Hello all,
I would like to ask for expert advice here about single Cell RNA-seq to study differential gene expressions in treated vs. untreated groups especially about sample size. According to the nature rev genetics paper by Shapiro 2013, he recommends a minimal of 50 cells are needed to reduce the error for quantitative transcriptomic analysis. Then I come across other papers / methods such as EdgeR, Scotty which seems to suggest smaller size of 12. Of course, provided cost and sample availability is NOT a concern I would just go for '50' but I'm not sure if it is safe at all to just sequence 12 cells and hope for statistically meaningful results.
Next is about validation - I've seen methods such as single cell QPCR, digital PCR, single cell nano string.
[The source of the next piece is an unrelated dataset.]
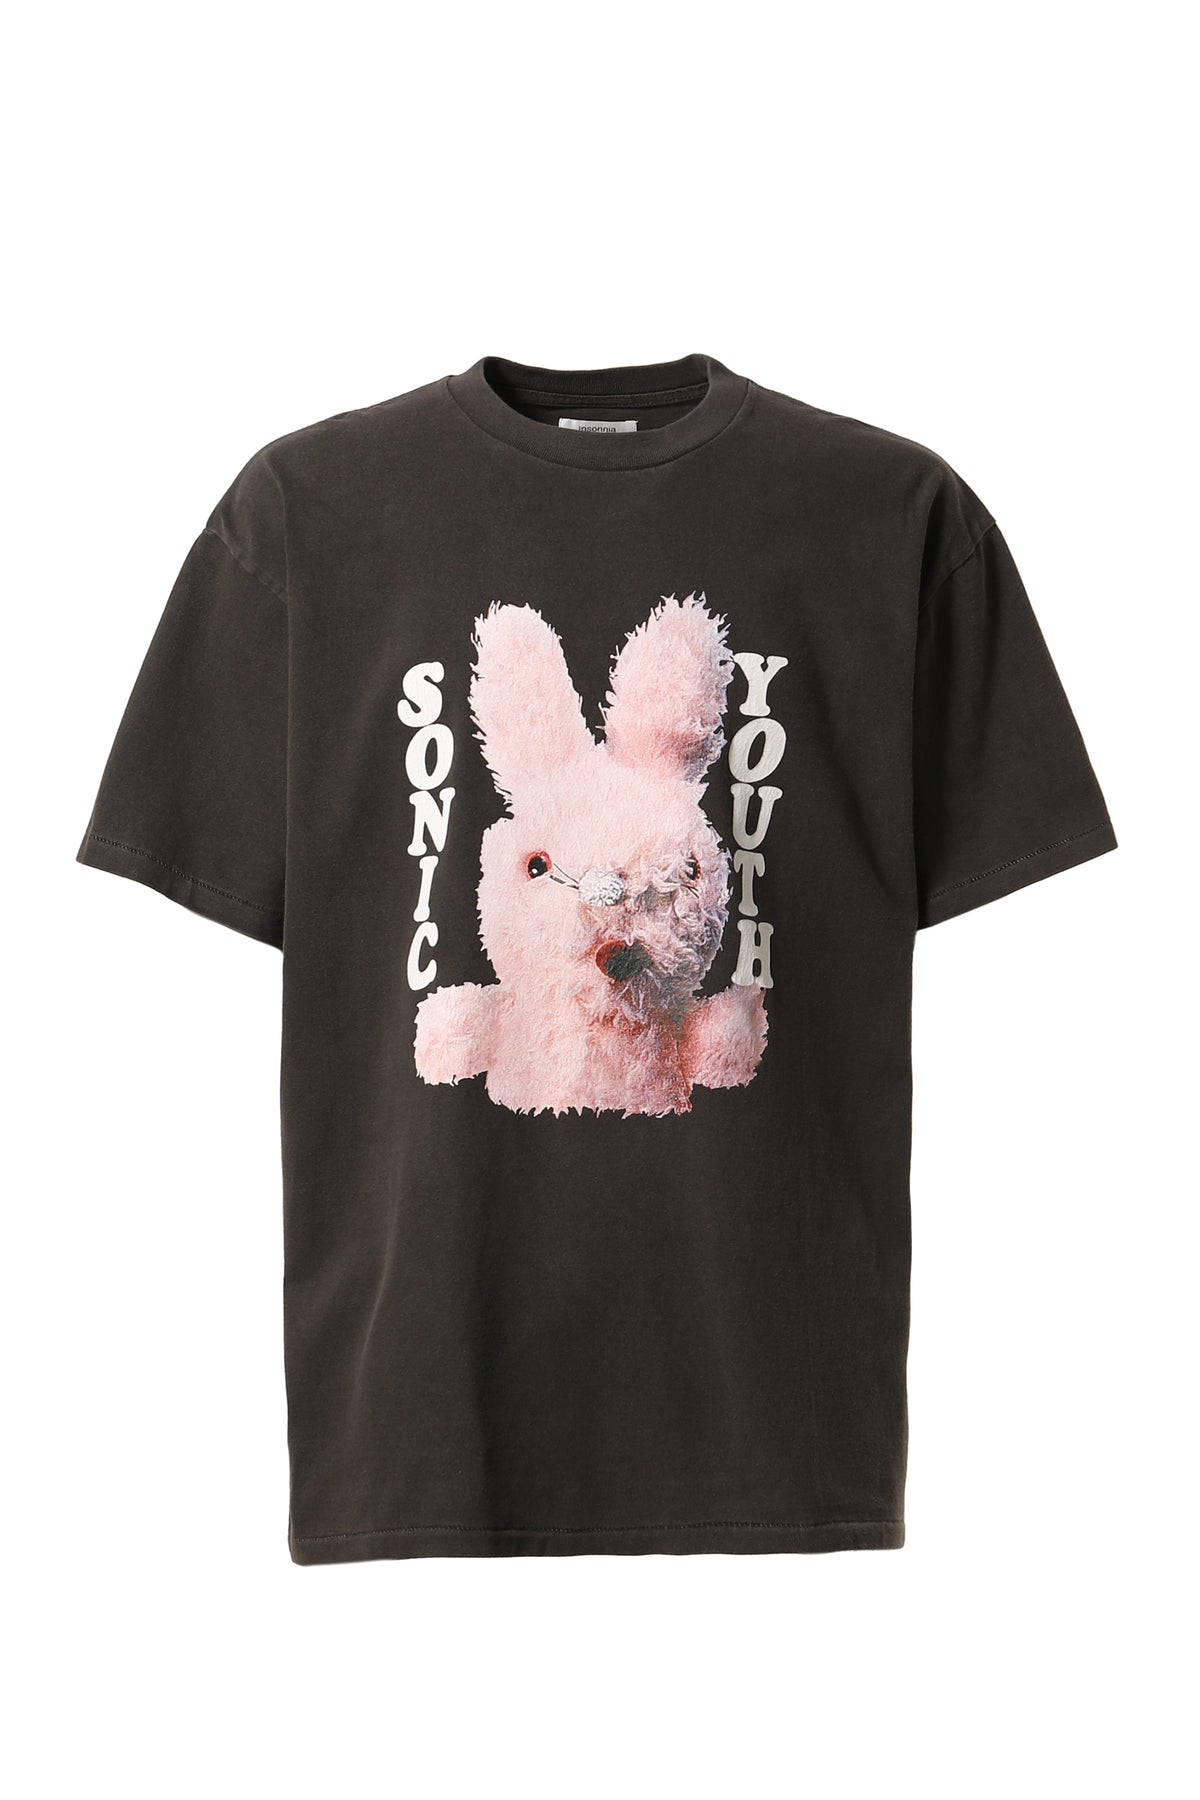 SONIC YOUTH MK BUNNY TEE / BLK

Which method would be suitable for validation, and again how many single cells would you pick to validate? Thank you very much in advance for your helpful advice.
I have never do single cell sequencing before but that 12 sample suggestions of EdgeR does sounds like it is for normal RNASeq instead of single cell RNASeq. So maybe you should becareful about whether if that suggestion was based on single cell or not?
Thank Hi Sam,
Thank you very much for your help. That EdgeR software was not used on single cells, and so far no single cell RNA seq literature quotes this. My problem is because my samples are very limited, at most is 50 (if lucky), I don't know if it's better to do just triplicates of bulk population vs. single cell sequencing of these 50 cells.